Testing out my iPod touch as an e-book reader
Tuesday, October 21st, 2008
Last month I headed to Bribie Island for an extended weekend of writing, relaxing, chatting with friends and a few drinks. I took three print books with me and loaded a few files onto my first generation iPod touch to test it out as an e-book reader.
I was using the excellent stanza reader and had downloaded George Orwell’s “Why I Write”, War of the Worlds, Cory Doctorow’s “Content: Selected Essays on Technology, Creativity, Copyright, and the Future of the Future” and a few other bits and pieces.
Stanza is deceptively easy to use. Put the iPod on its side and you get a landscape reading screen. To “turn” the page you simply tap the right or left side of the screen, depending on whether you want to go forward or back. To change the font size you put two fingers on the screen and pinch or push apart your fingers depending on whether you want it bigger or smaller. Unlike the iPod’s photo interface this was a bit buggy but it wasn’t too much of an annoyance given it’s something you really only have to do once and then forget (adjusted for declining eyesight over the years, of course).

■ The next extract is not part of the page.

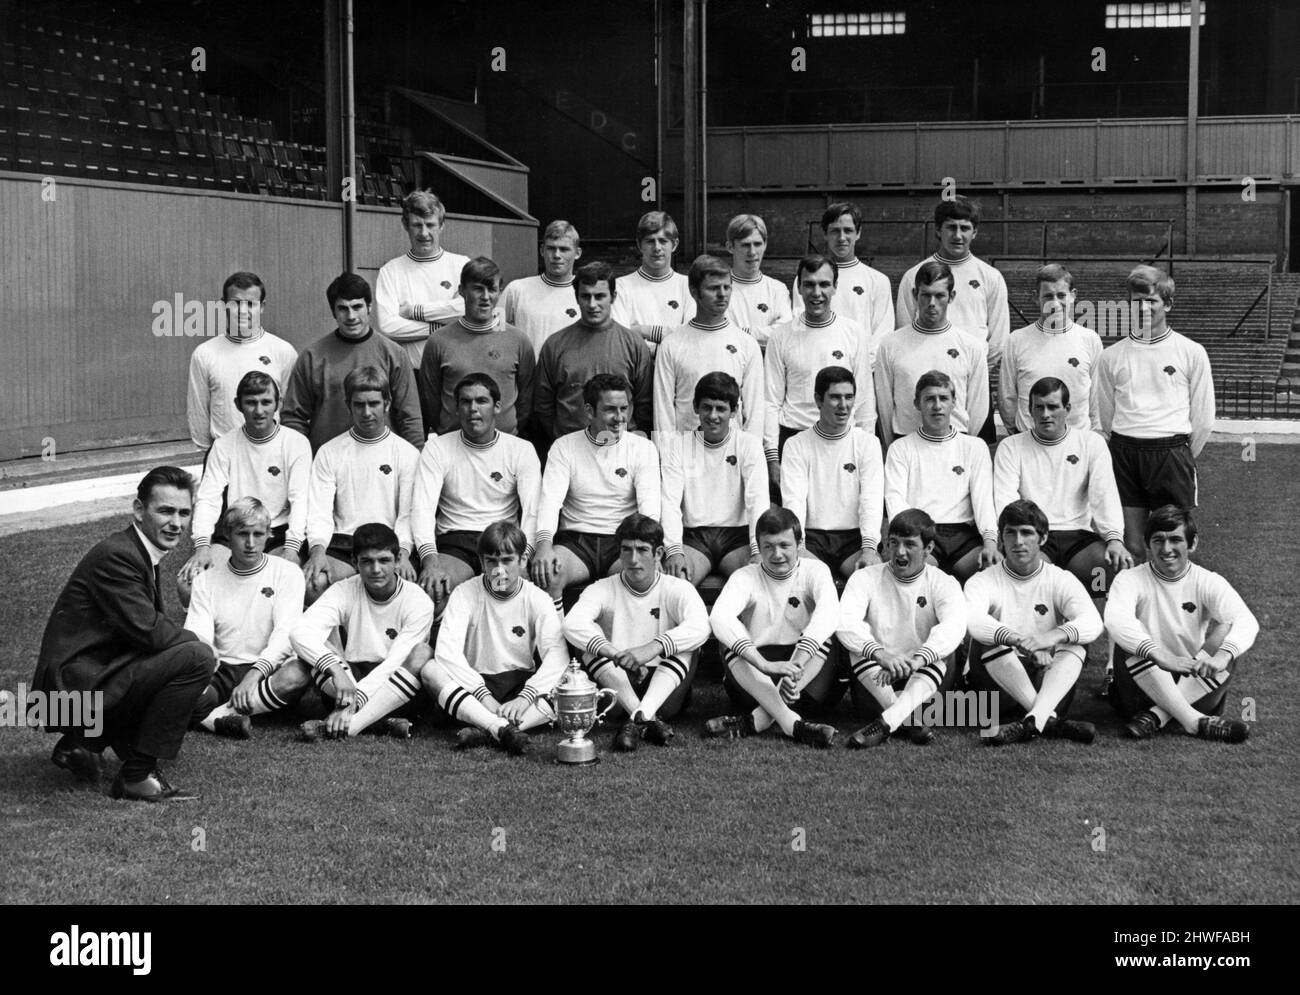 Derby County spielt Mitarbeiter für die Saison 1969-1970. Hintere Reihe, von links nach rechts, Ein Hinton, R Brooks, T Kane, J. McCluskey, R. Patrick, R. McFarland. 2. Reihe von hinten, von links nach rechts, A Stewart, L Green, K Boulton, A Ludzic, P Wright, T Rhodes, P Daniel, J Walker, Ein Durban. 3. Reihe von hinten, von links nach rechts, J Richardson, G Bourne, F Wignall, D MacKay, R Webster, J Robson, J McGovern, J O'Hare. Vordere Reihe, von links nach rechts, R Marlowe, D McCabe, J Mason, K Blair, J Simms, W Carlin, K Hector, M Cullerton. 7.. Juli 1969. Stockfoto
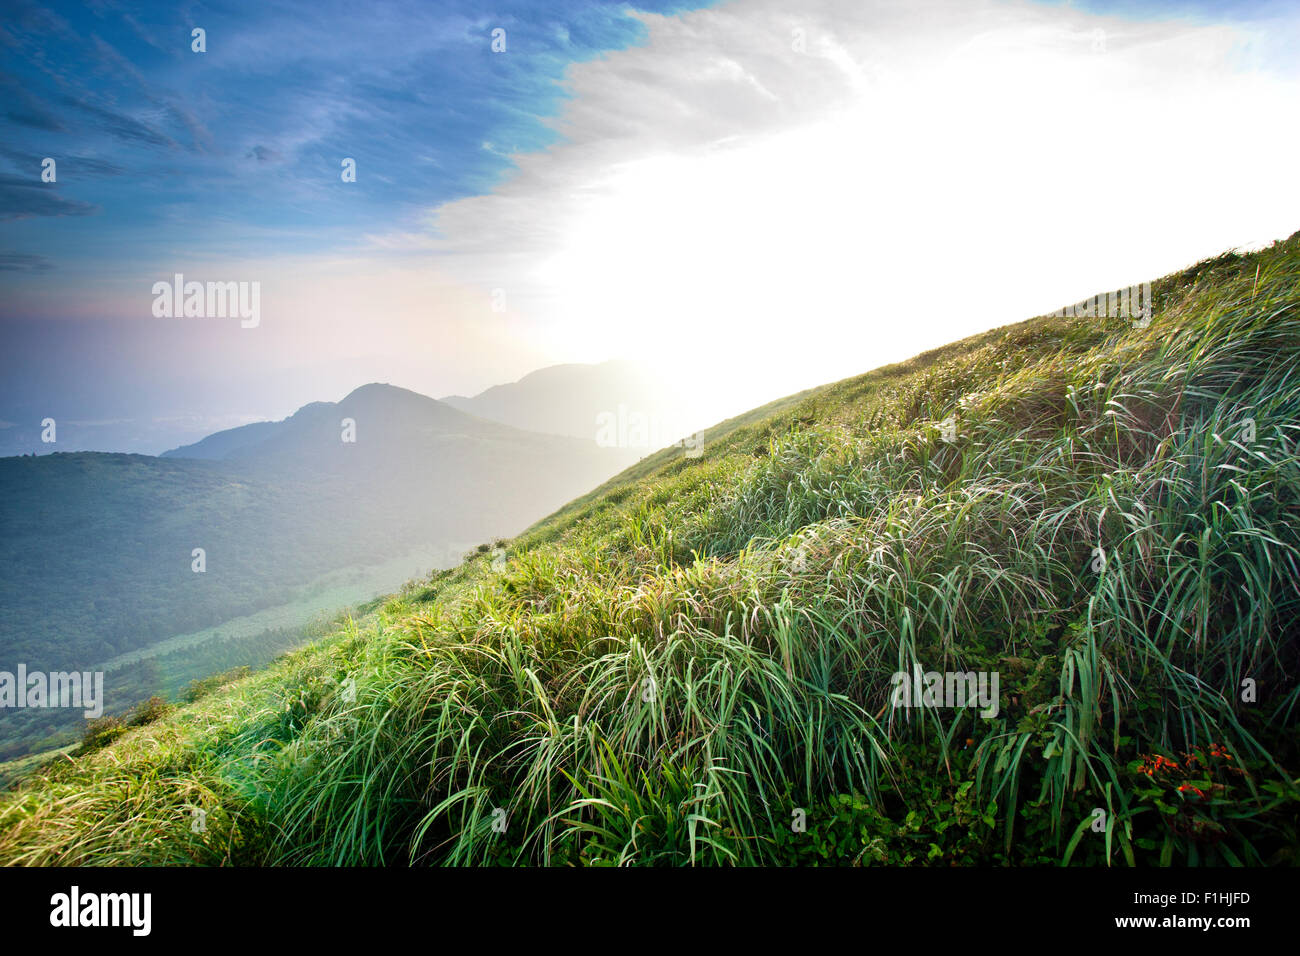 Hermoso paisaje de montañas con sun contra el azul cielo nublado Foto de stock

I read a bit of the Orwell book and then got stuck into the Doctorow essays. These were a great choice – engaging and relatively short. Coming in at 115 grams, my iPod weighs about a third of a standard paperback (350 grams or 12 ounces), so holding it is no problem. You can turn the brightness right up if you’re outdoors or turn it down, which was my preference, indoors. That saved on battery power and made reading the screen pretty easy on the eye.
The verdict? As an e-book reader, the iPod touch mostly works. It’s light and puts very little strain on the eye thanks to its good brightness control and the crispness of the text. I think it was lucky I was reading non fiction that had no dialogue and infrequent paragraph breaks. The page in the photo has 109 words on it but a dialogue heavy page of Lee Battersby’s“Alchymical Romance” has just over 80 words. To put it in context – that’s about three paragraphs of a well written newspaper article and I think I’d get annoyed having to tap the screen every 10 seconds or so. But maybe that’s me.
Unlike some people I’m not ready to declare the iPod (or any smart phone) theconvergence device. I think we’ll end up converging on two types of devices that share similar functions but mych different sizes. But more on that another time. As an ultraportable e-book reader, it works.